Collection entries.
+--

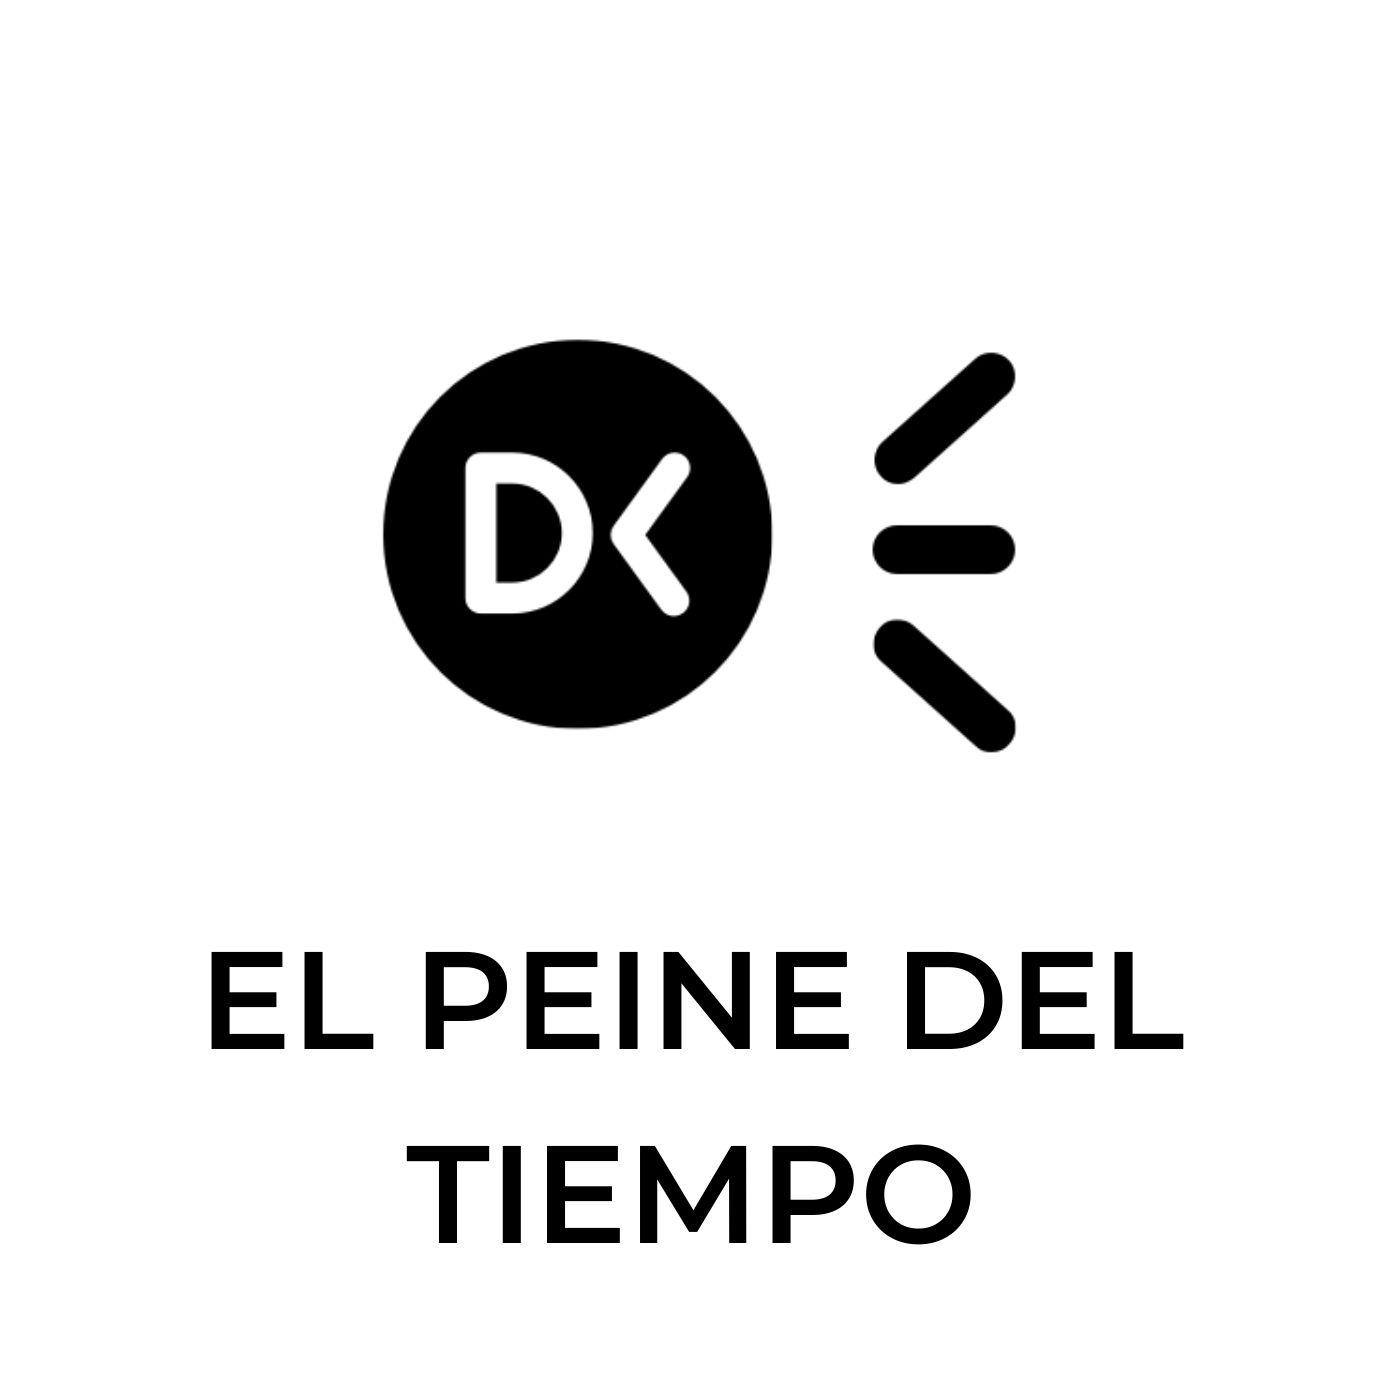 Artwork for podcast El Peine del Tiempo
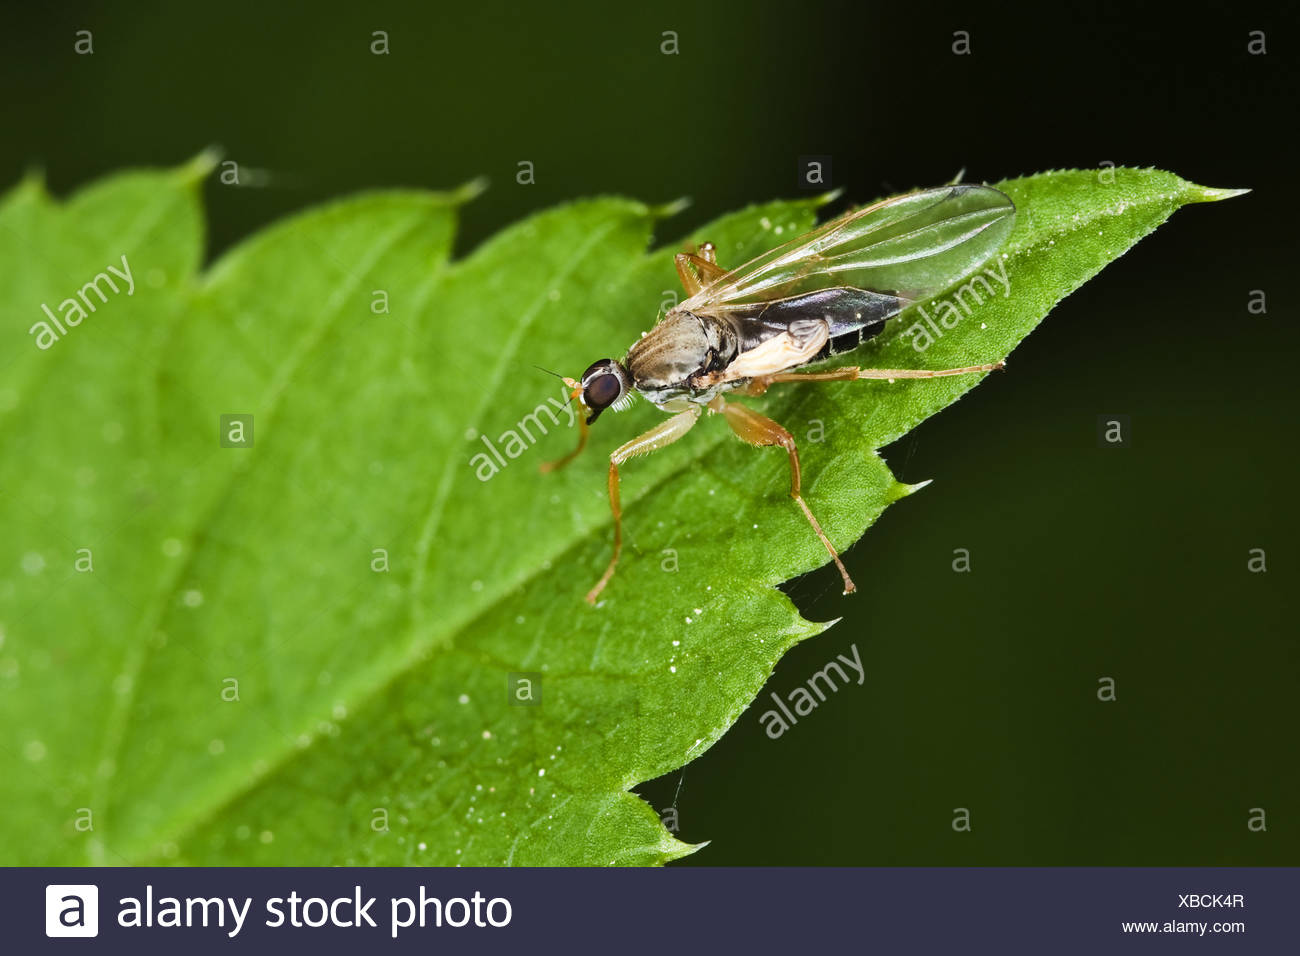 Fly (order Diptera, suborder Brachycera) Stock Photo
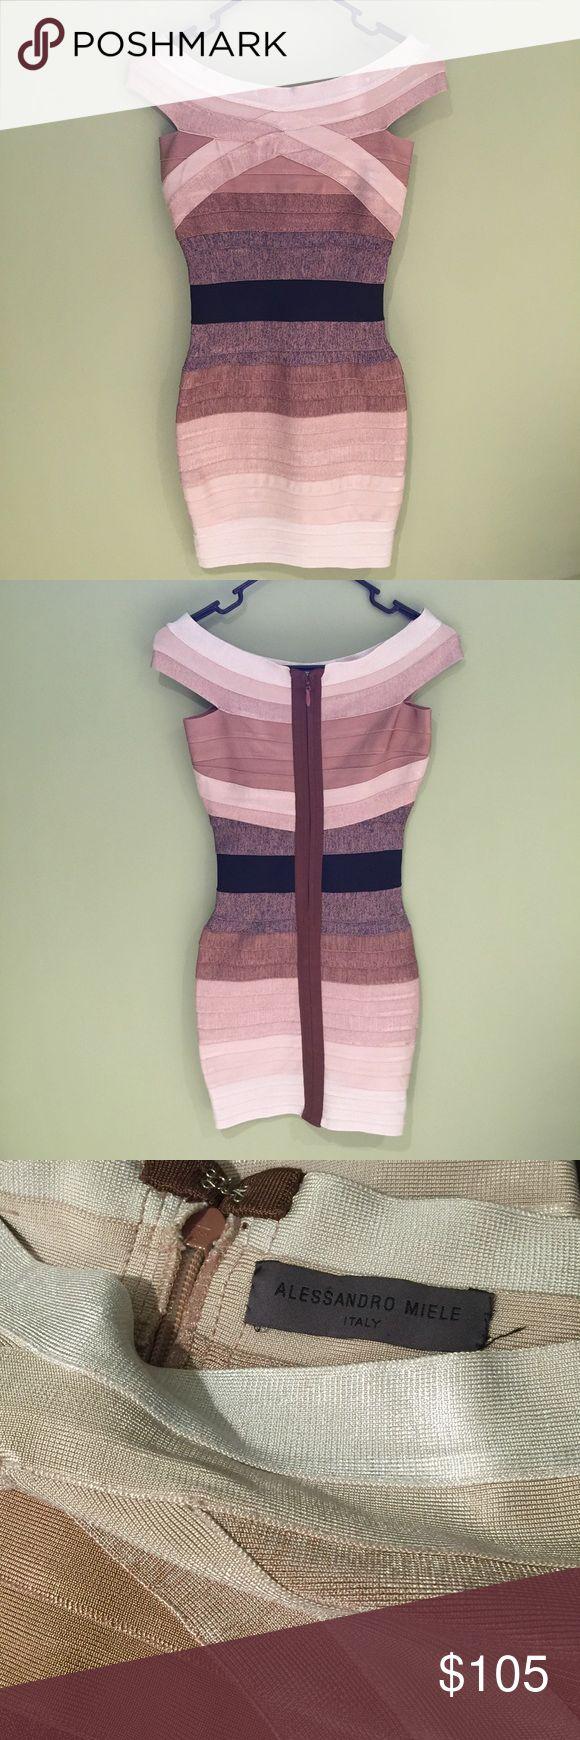 Alessandro Miele Bandage striped dress Alessandro Miele made in Italy 🇮🇹 bandage bodycon dress with zipper back Alessandro Miele Italy  Dresses Mini
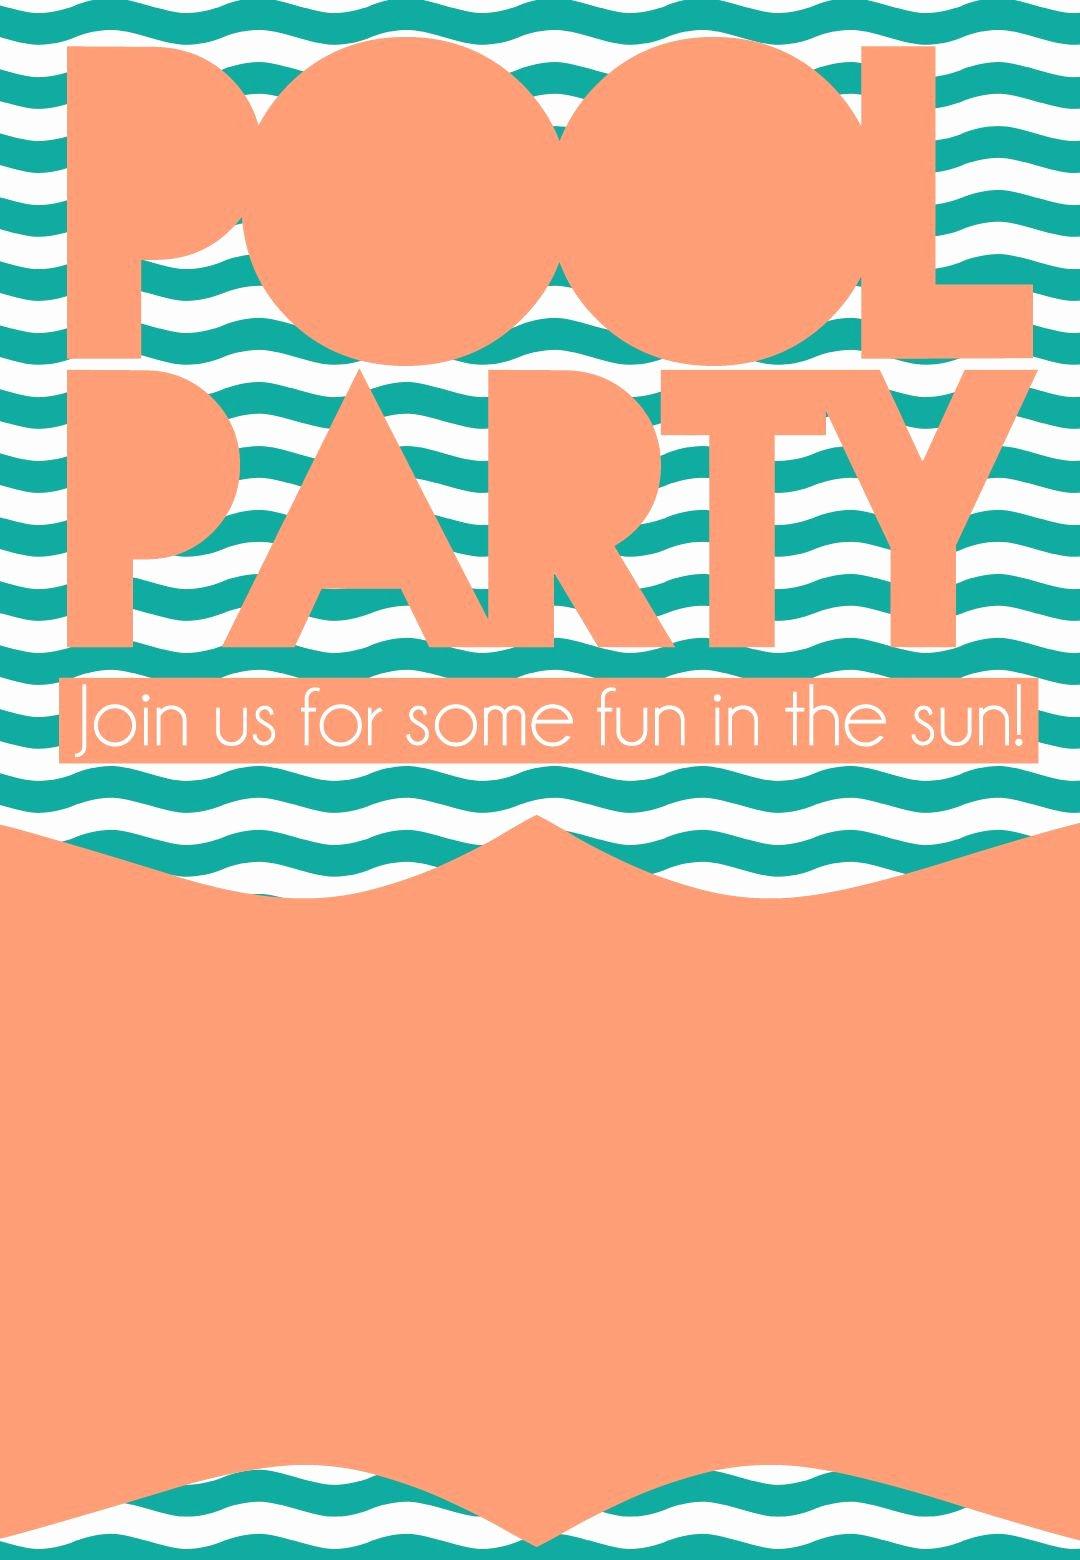 Summer Pool Party Invitation Free Printable Diy
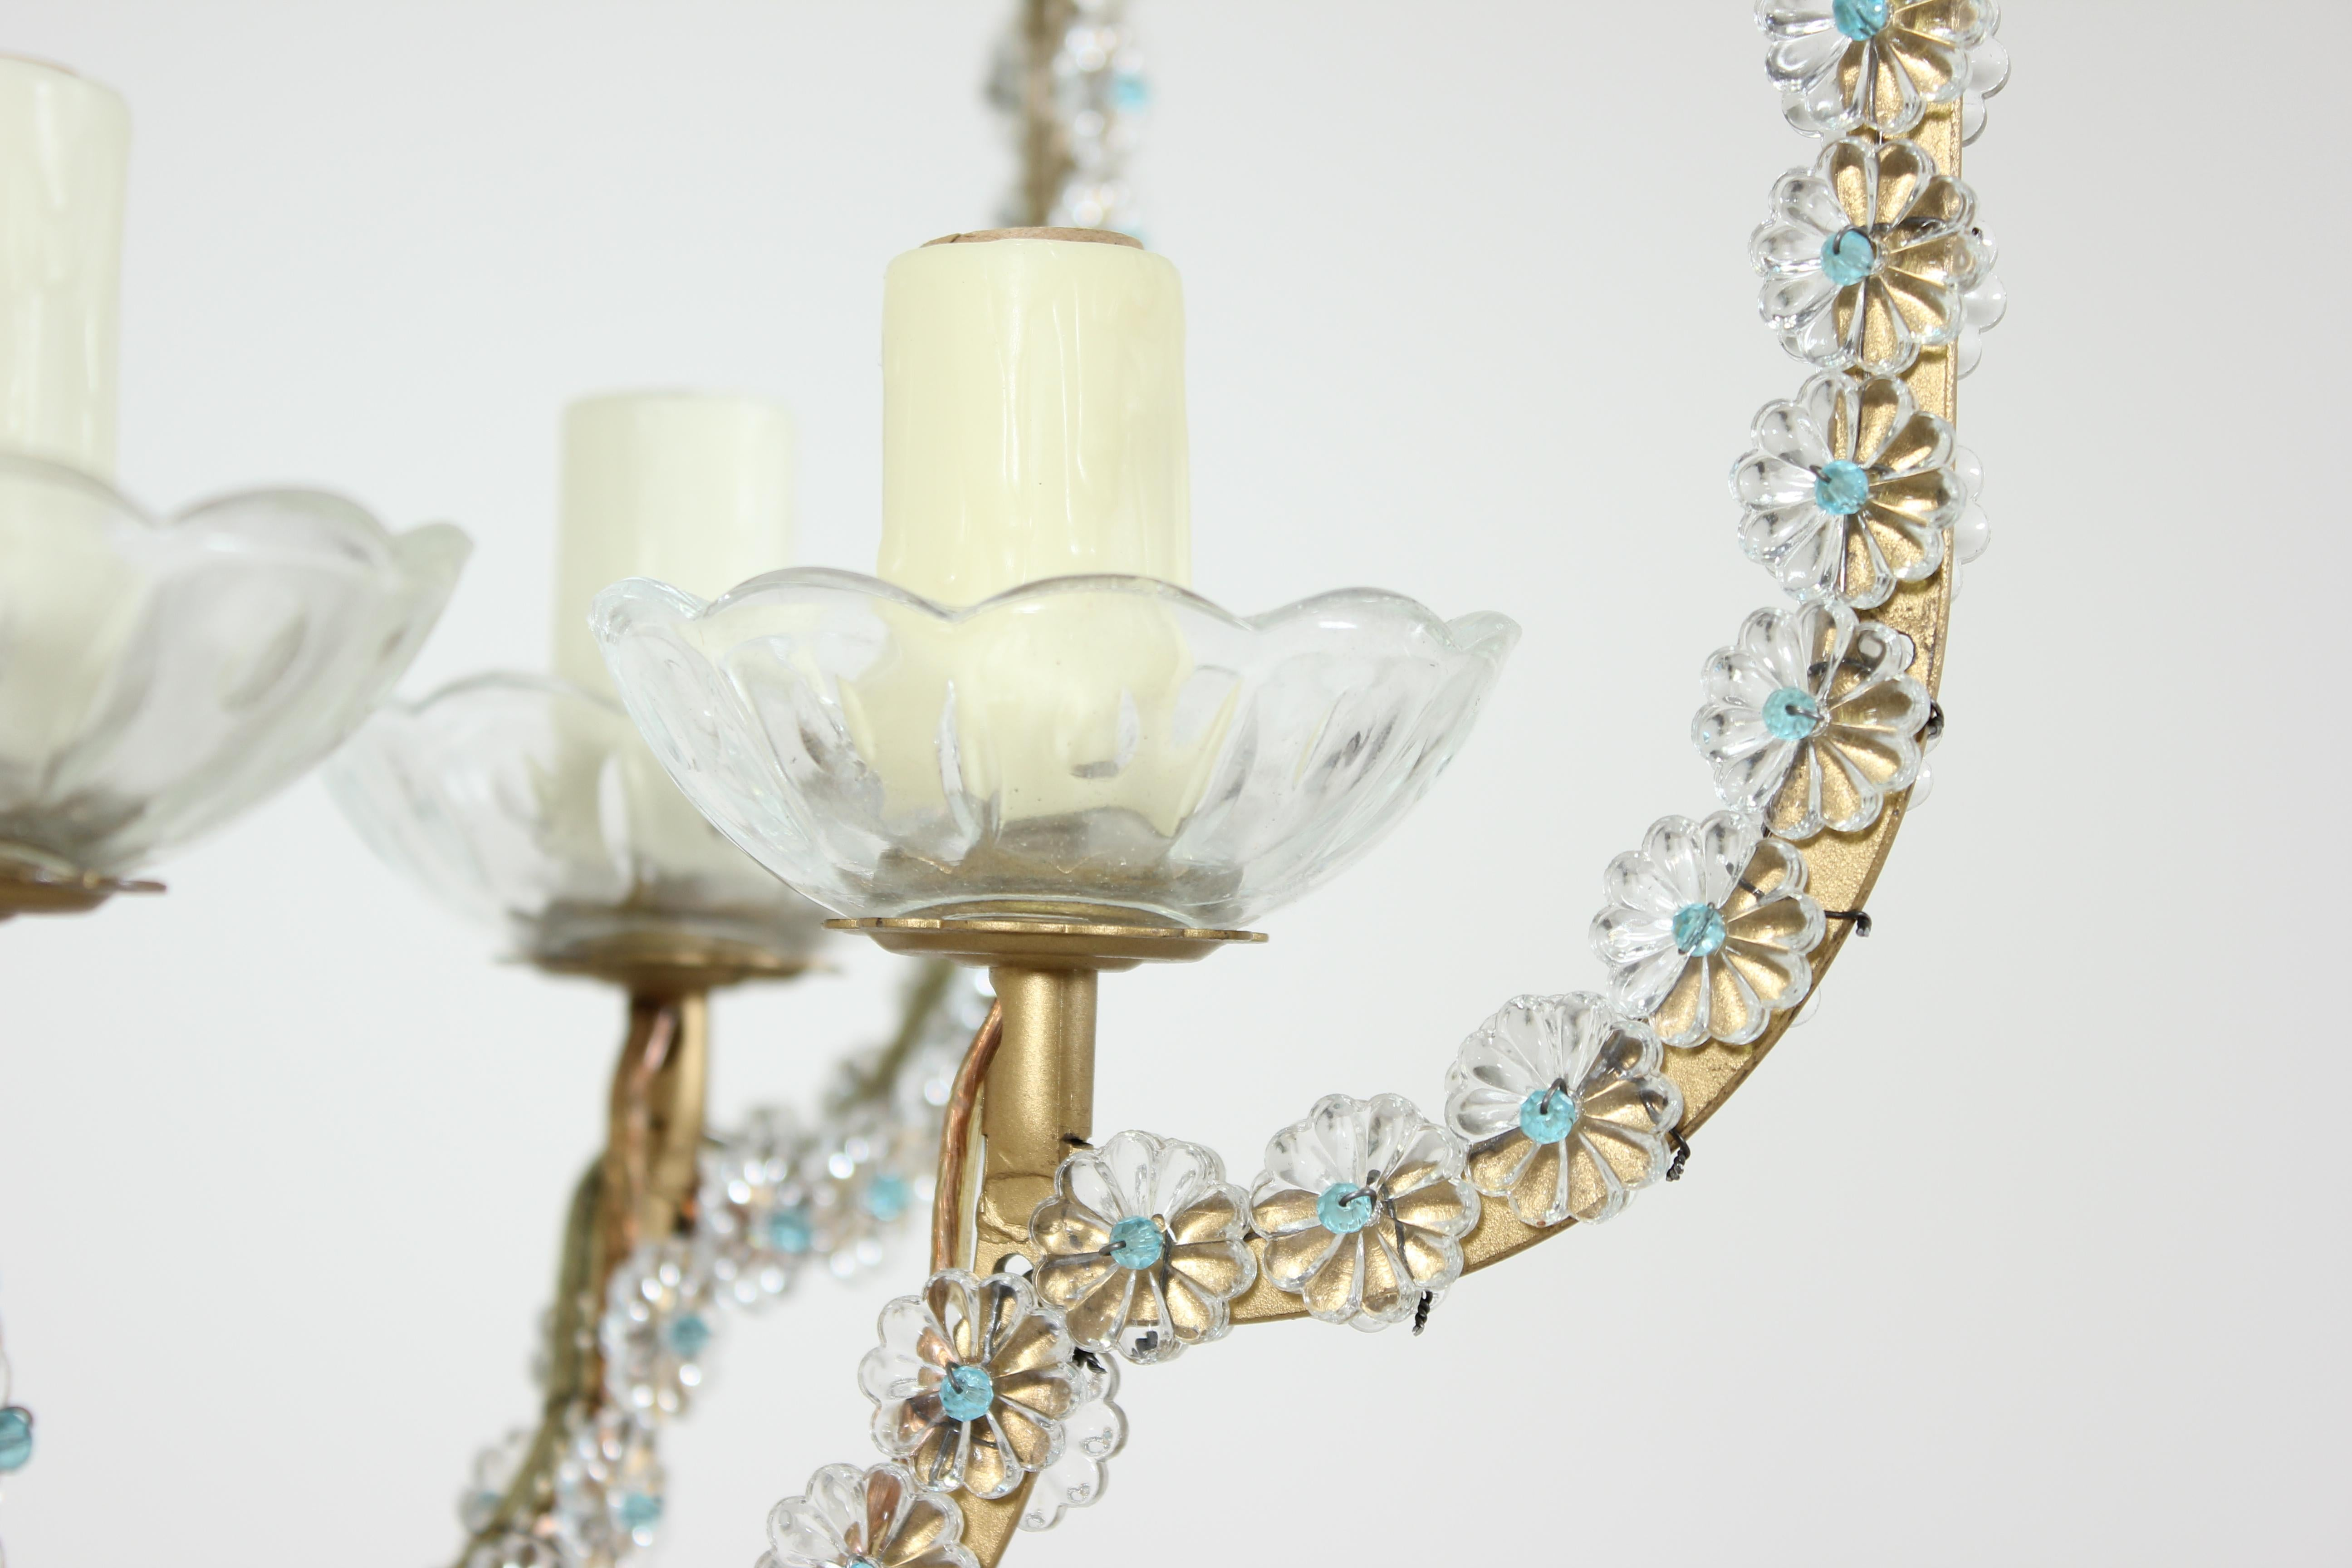 Kristall Perlen Kronleuchter ~ Italienischer kristall perlen kronleuchter im angebot bei stdibs

+--

Description of the task.
Start at the line that contains "Alessandro Miele Bandage" and retype every line through the end of the entries above, both ends included. Exclude all pictures.

Answer to this task.
 Alessandro Miele Bandage striped dress Alessandro Miele made in Italy 🇮🇹 bandage bodycon dress with zipper back Alessandro Miele Italy  Dresses Mini
 Summer Pool Party Invitation Free Printable Diy
 Kristall Perlen Kronleuchter ~ Italienischer kristall perlen kronleuchter im angebot bei stdibs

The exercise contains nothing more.